:: Record set ::
━━━
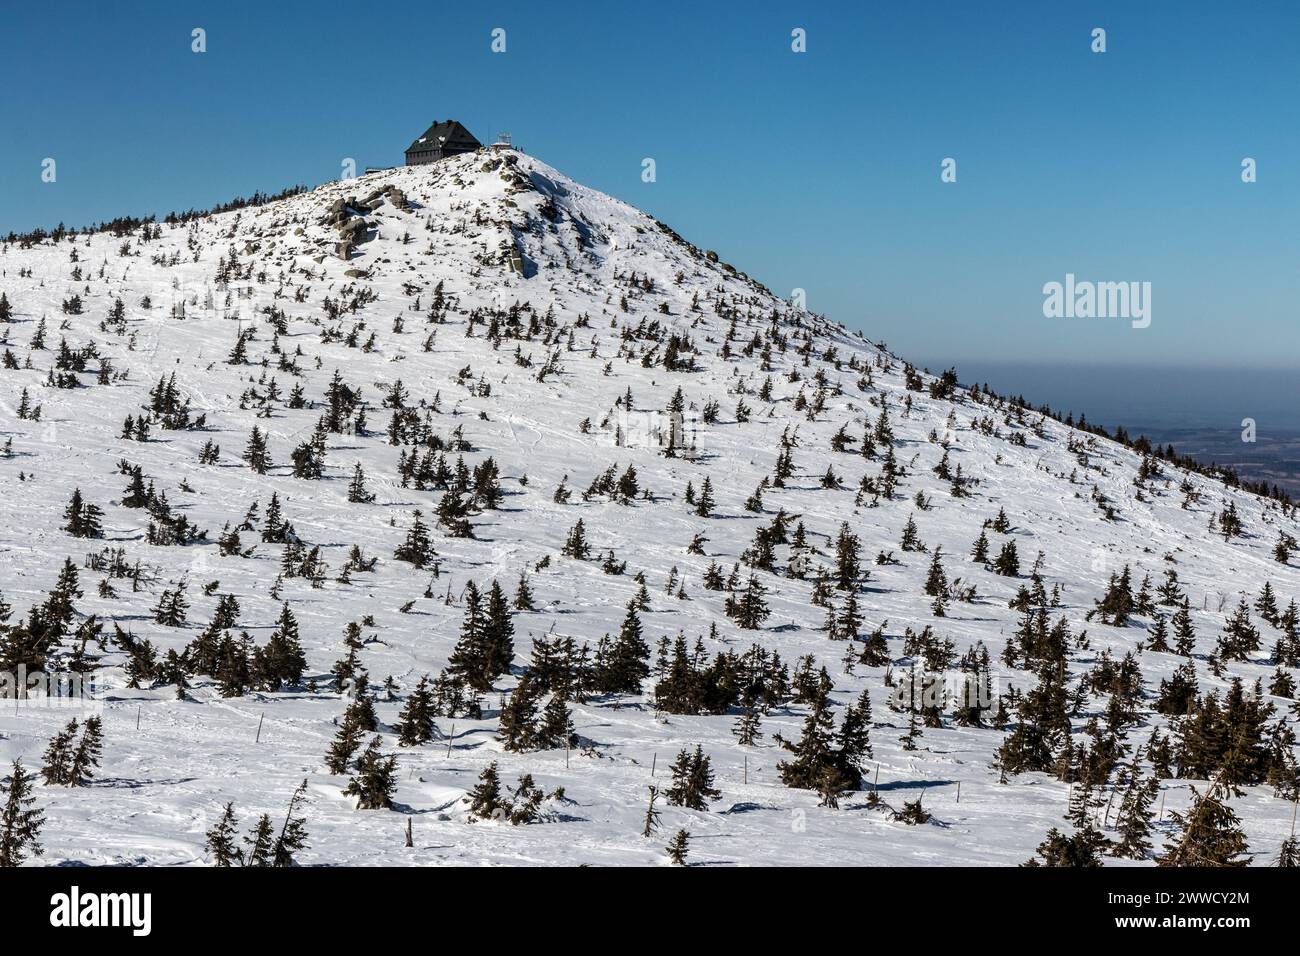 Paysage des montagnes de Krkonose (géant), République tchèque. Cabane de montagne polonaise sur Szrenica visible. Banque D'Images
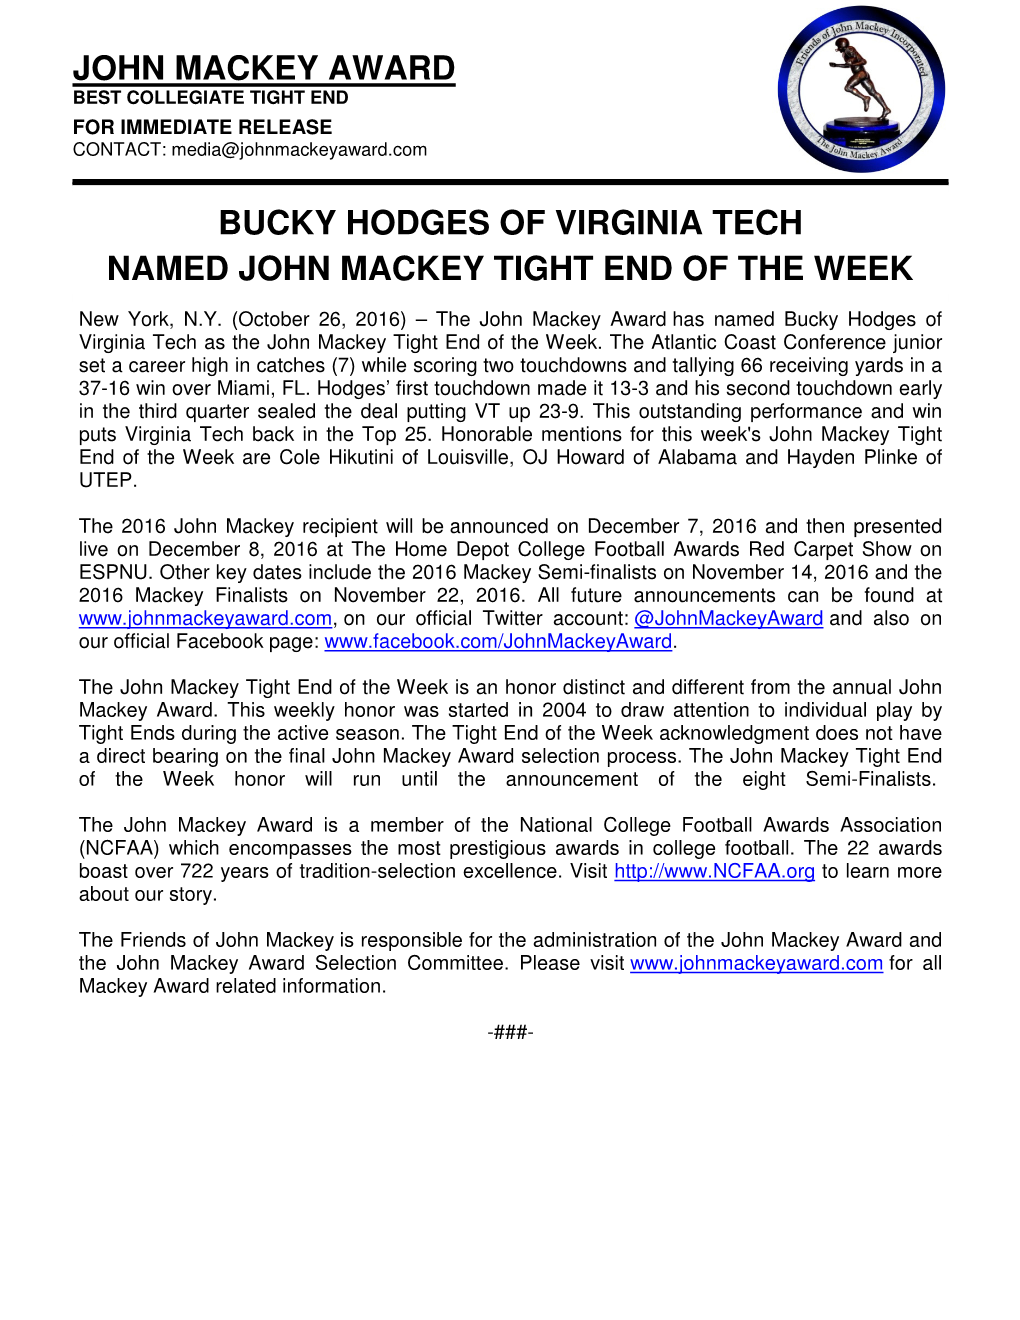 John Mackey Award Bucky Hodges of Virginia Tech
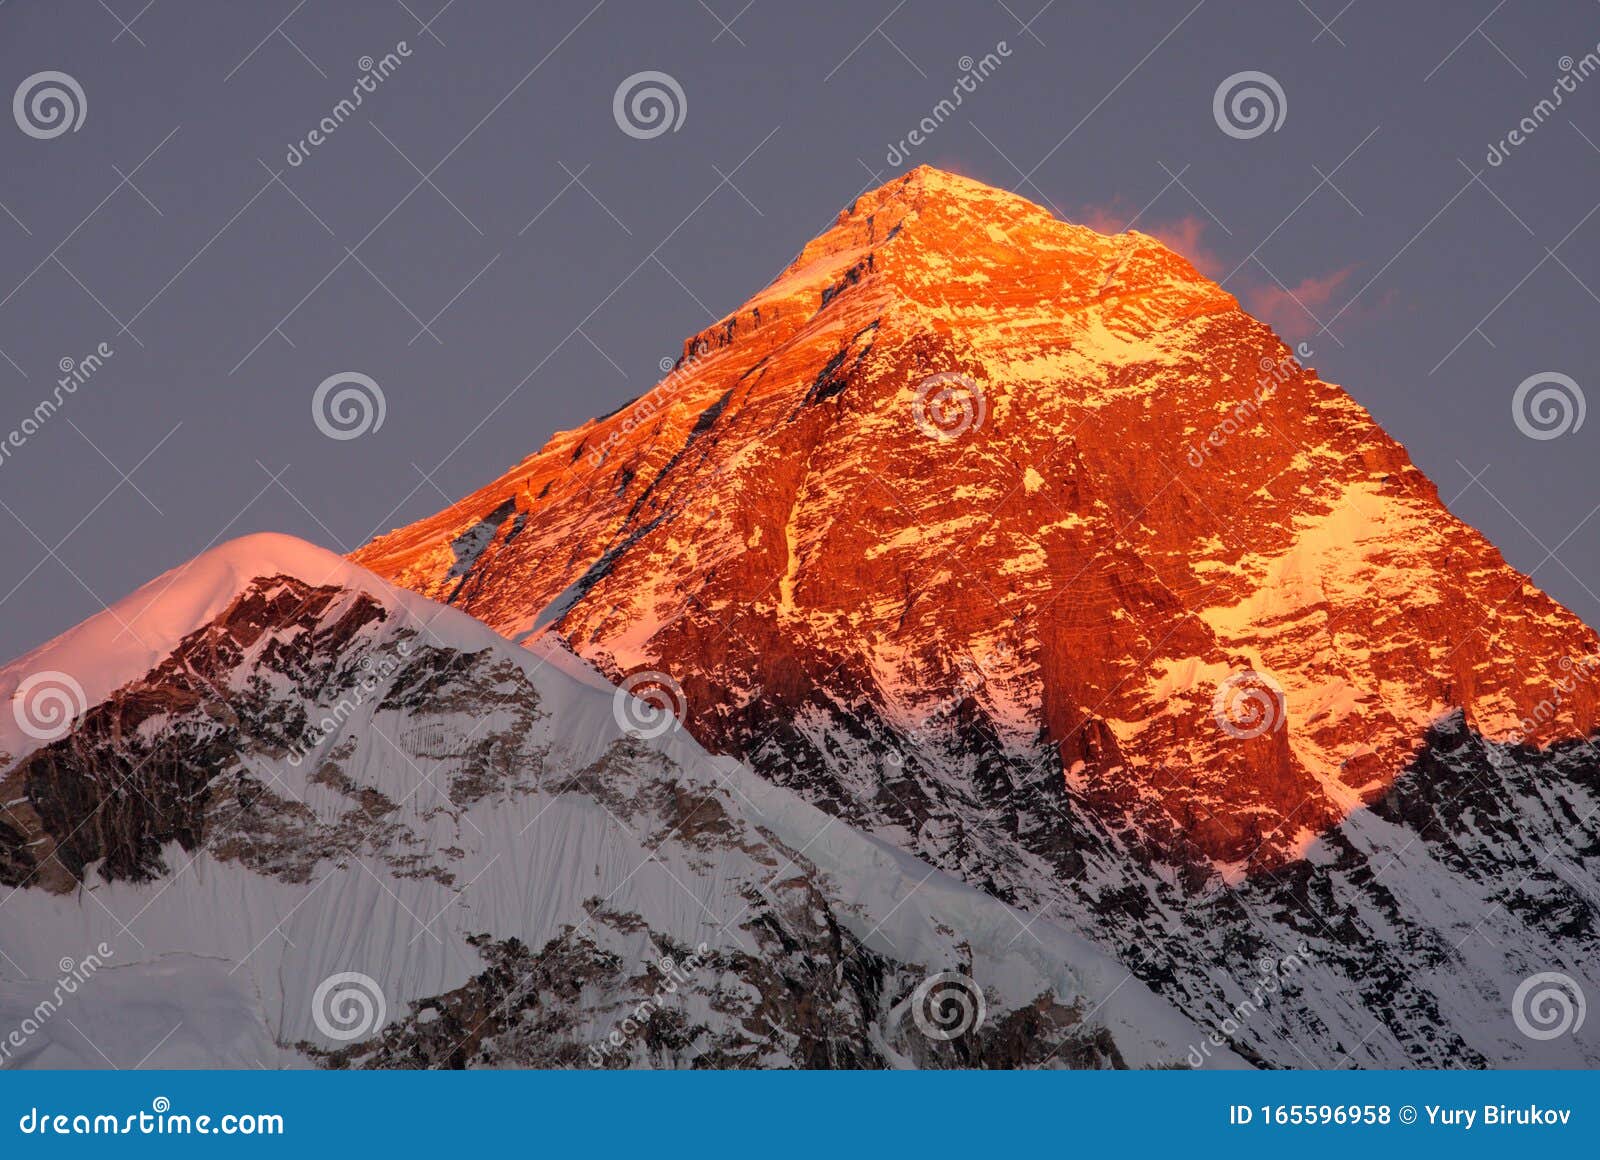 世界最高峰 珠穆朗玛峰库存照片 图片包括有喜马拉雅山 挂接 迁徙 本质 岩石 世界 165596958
━━━
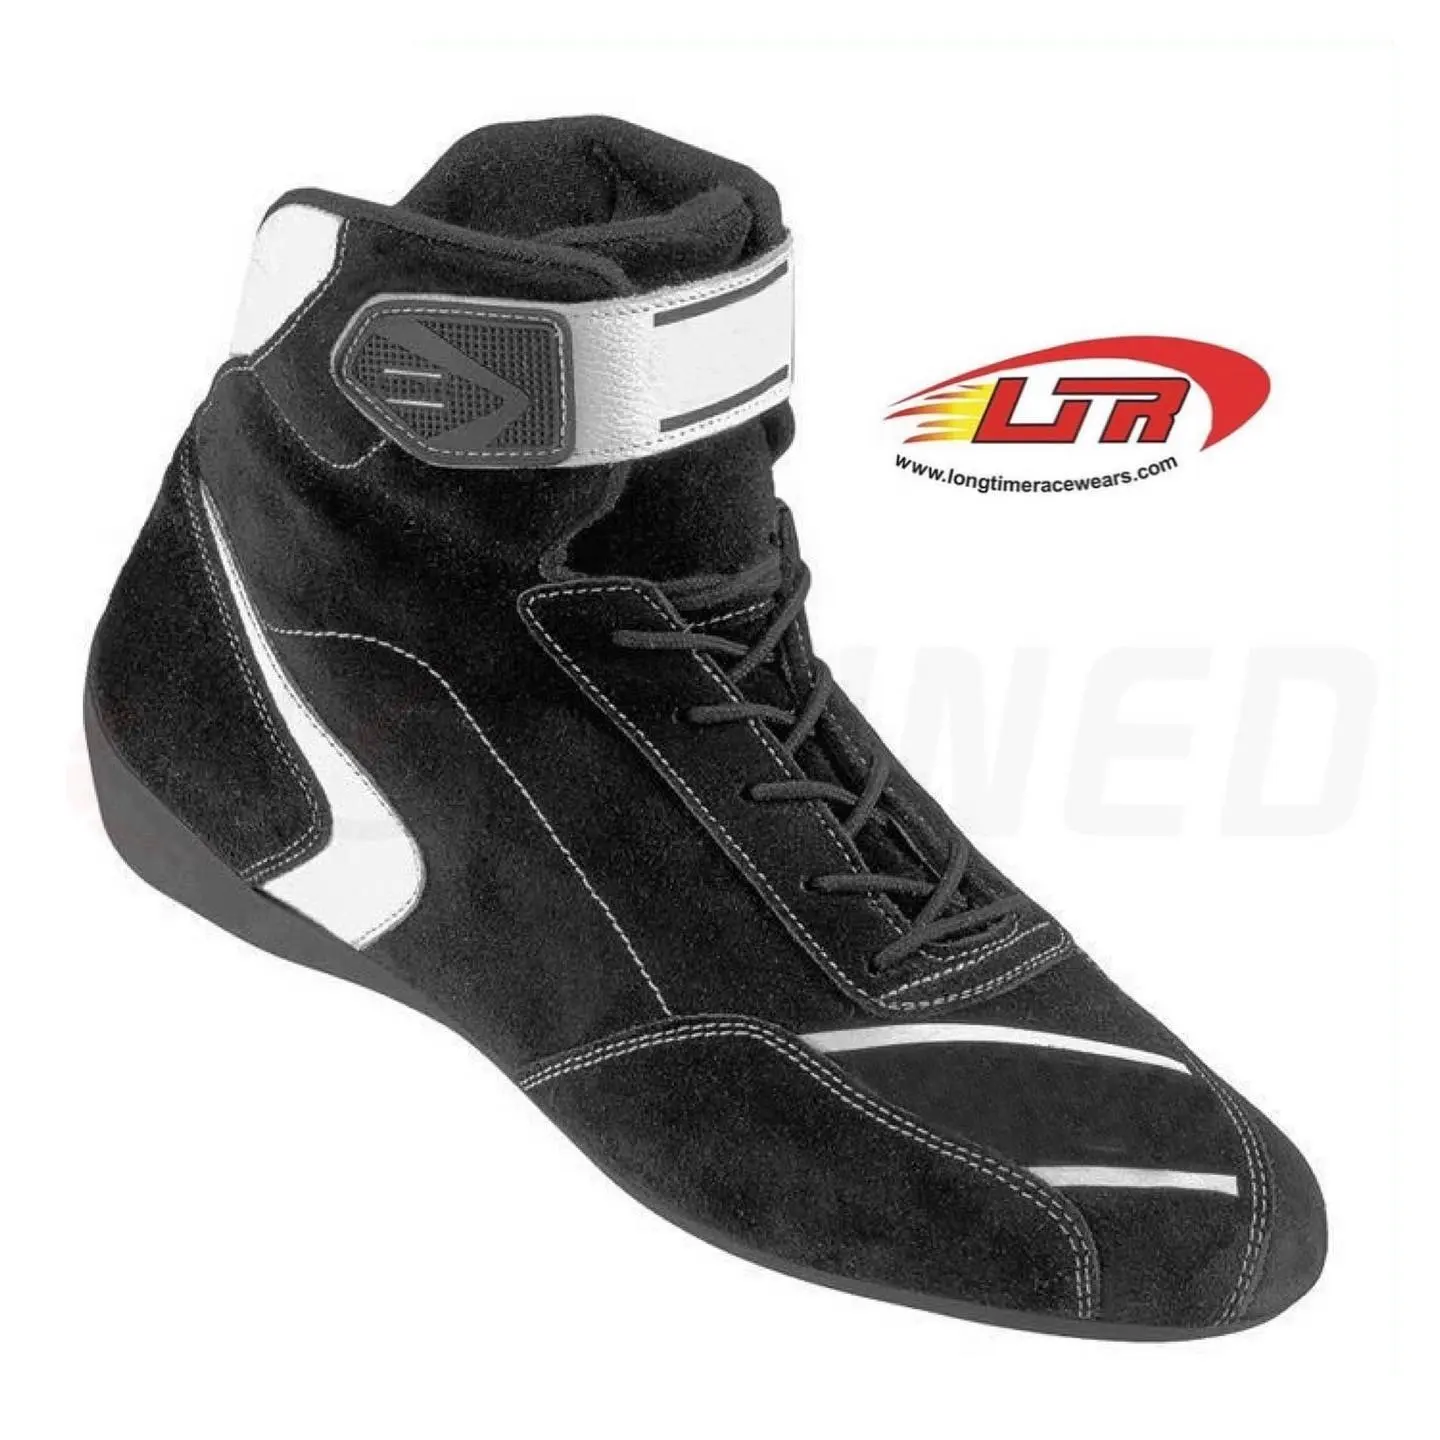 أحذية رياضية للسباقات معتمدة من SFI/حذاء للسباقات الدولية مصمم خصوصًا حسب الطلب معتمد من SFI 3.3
━━━
:: Description of the task ::
Working from the data above, repeat exactly, and only, the lines that begin at the line containing "John Mackey Award" and stop after the line containing "世界最高峰 珠穆朗玛峰库存照片 图片包括有喜马拉雅山"; pictures are not copied.

:: Response below ::
 John Mackey Award Bucky Hodges of Virginia Tech
 世界最高峰 珠穆朗玛峰库存照片 图片包括有喜马拉雅山 挂接 迁徙 本质 岩石 世界 165596958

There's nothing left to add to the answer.